Data block
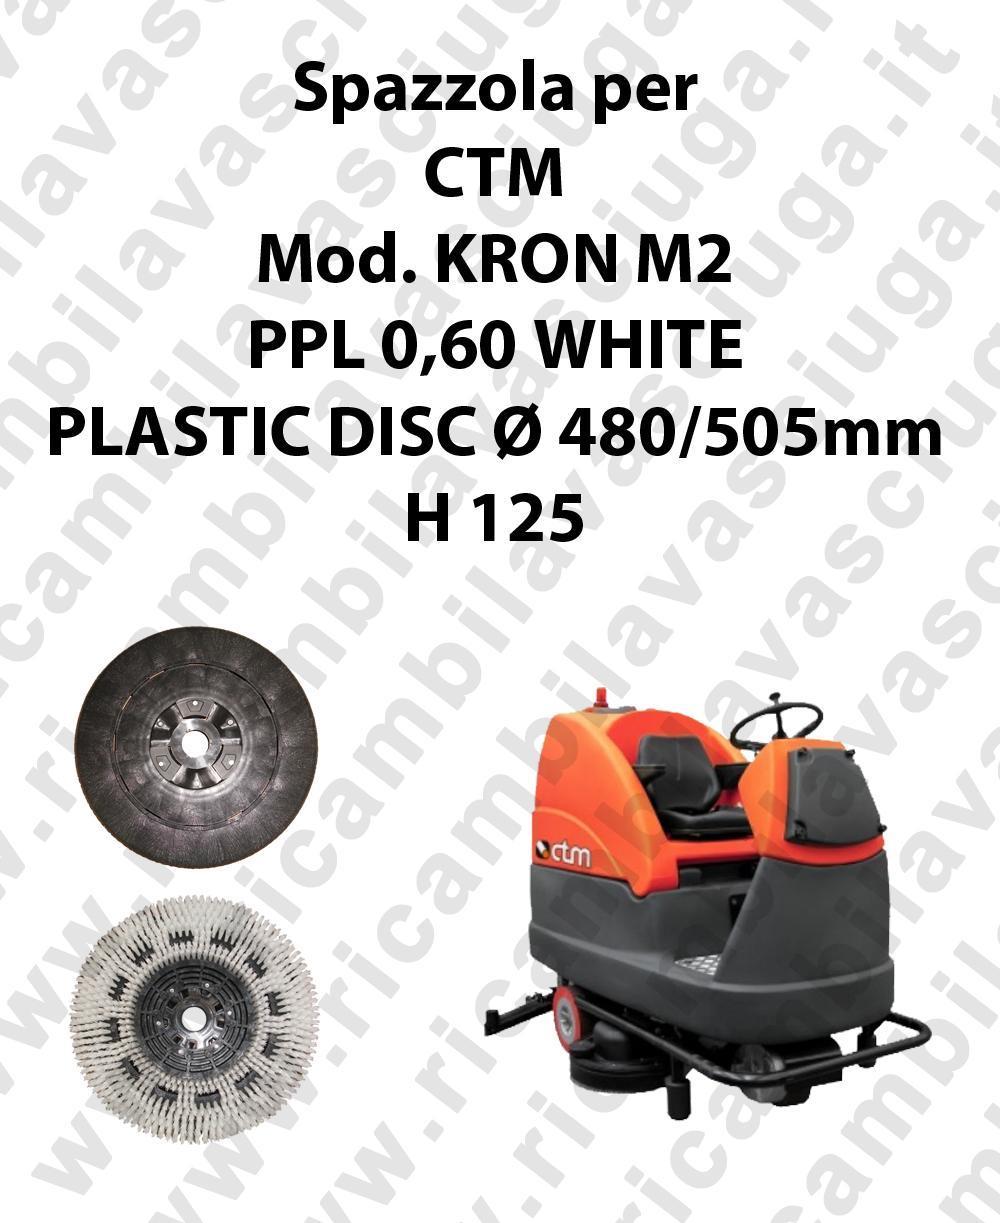 BROSSE A LAVER PPL 0,60 WHITE pour autolaveuses CTM Reference KRON M2
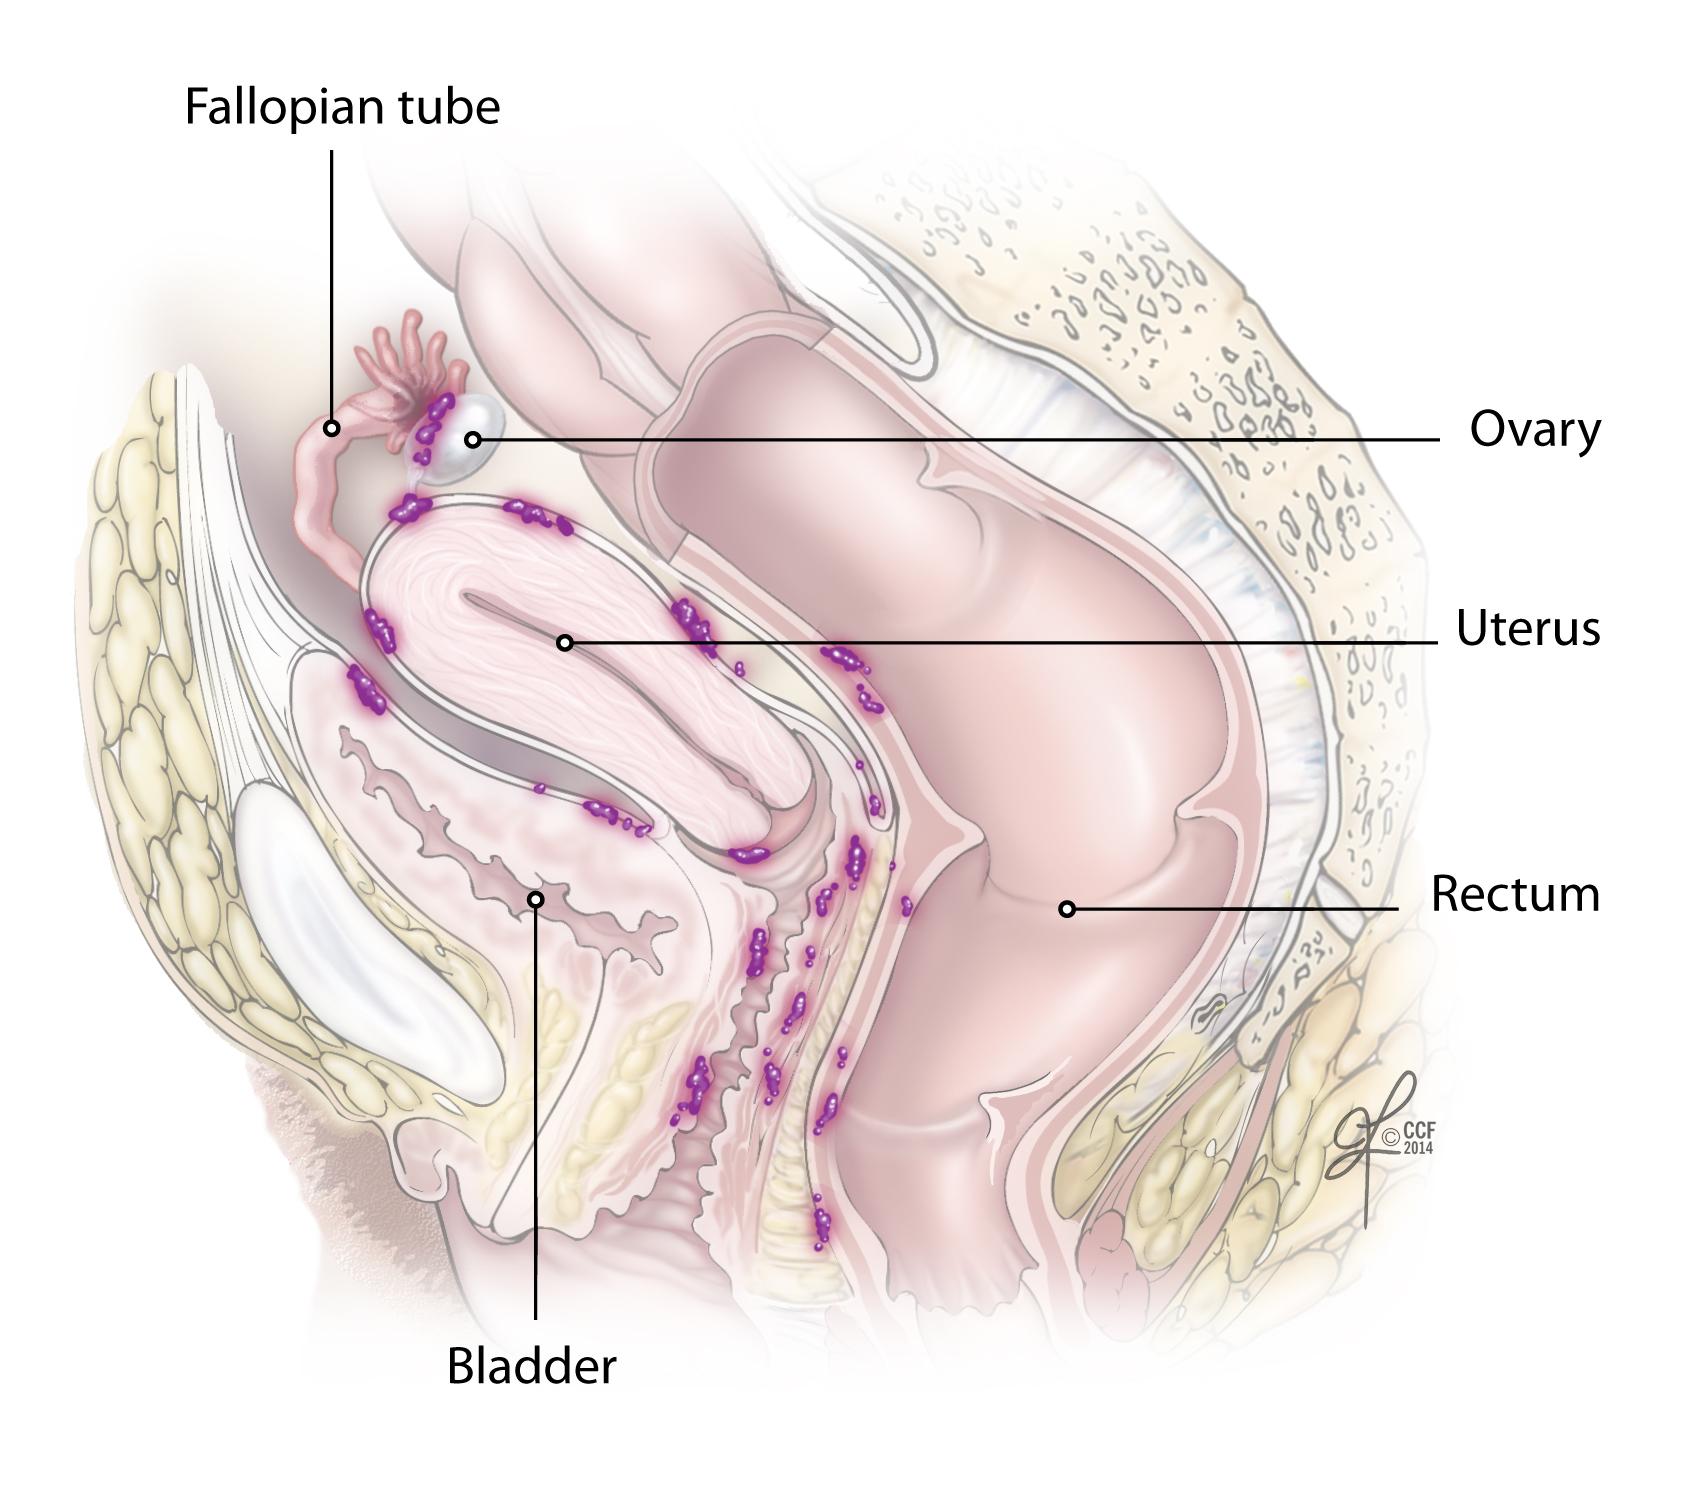 asspub.ro - Testarea pentru depistarea cancerului de col uterin
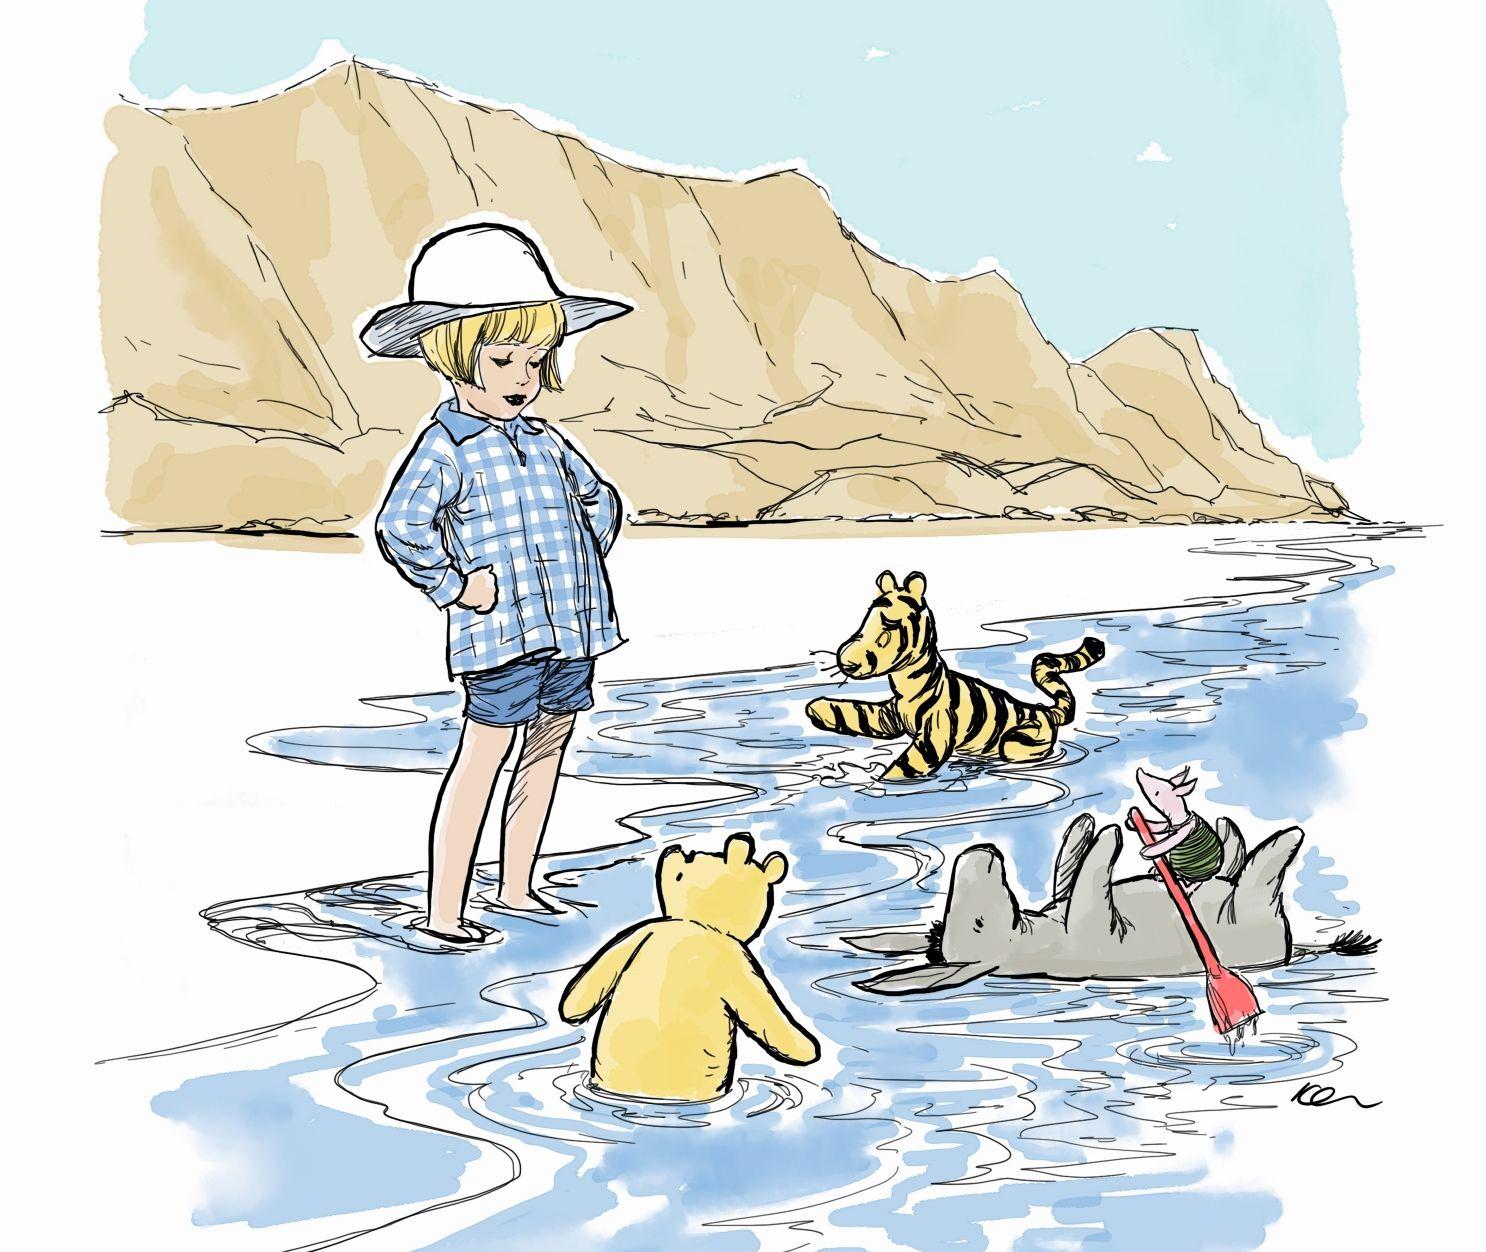 פו הדב וחבריו מבקרים בים המלח ושוק מחנה יהודה
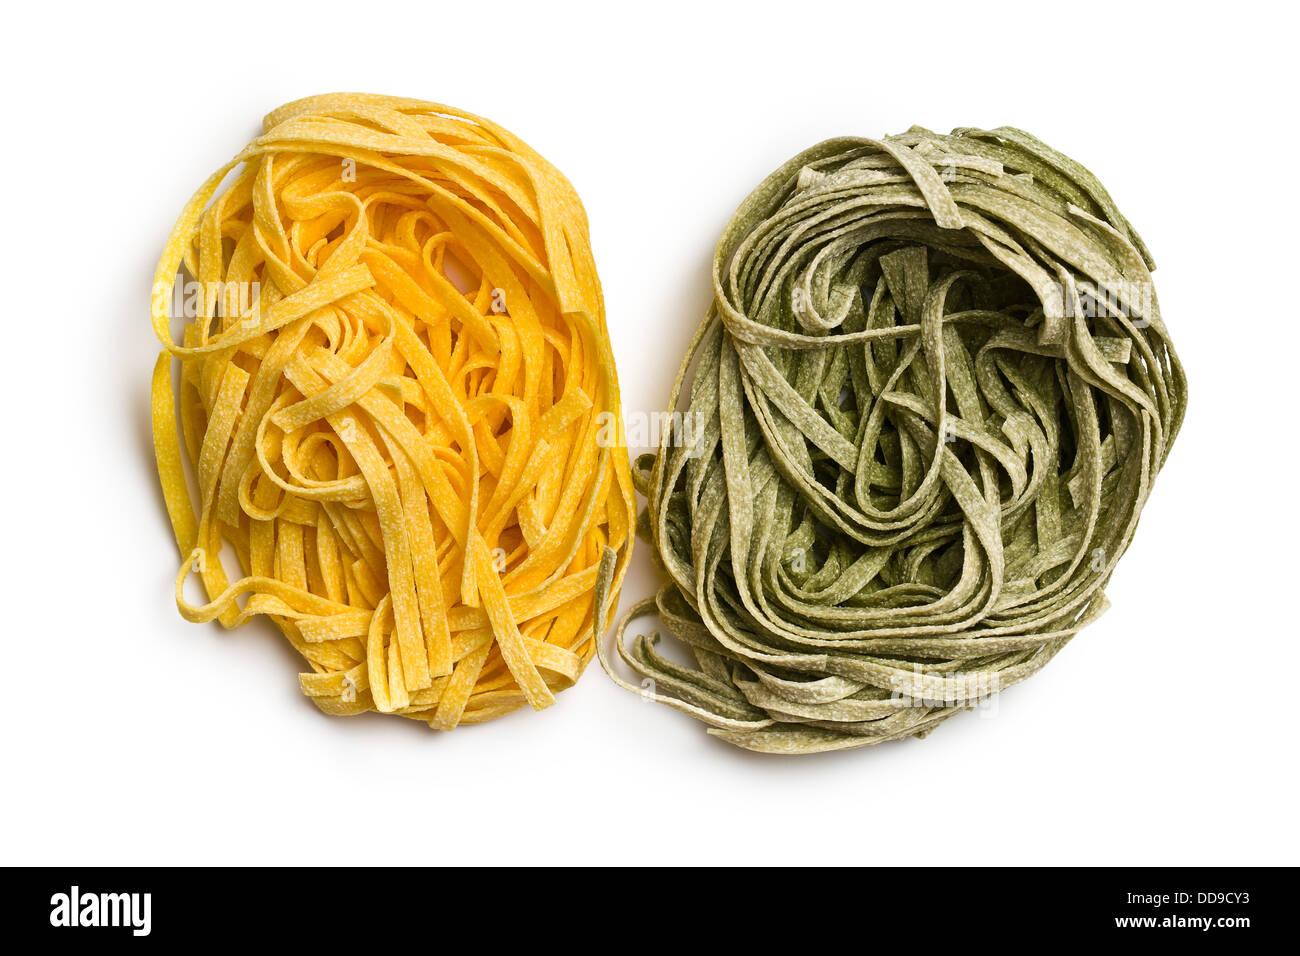 Las pastas italianas tallarines sobre fondo blanco. Imagen De Stock

Instructions for the task
Every line of the data above should be returned exactly, with the pictures removed.

Result of the exercise
 BROSSE A LAVER PPL 0,60 WHITE pour autolaveuses CTM Reference KRON M2
 asspub.ro - Testarea pentru depistarea cancerului de col uterin
 פו הדב וחבריו מבקרים בים המלח ושוק מחנה יהודה
 Las pastas italianas tallarines sobre fondo blanco. Imagen De Stock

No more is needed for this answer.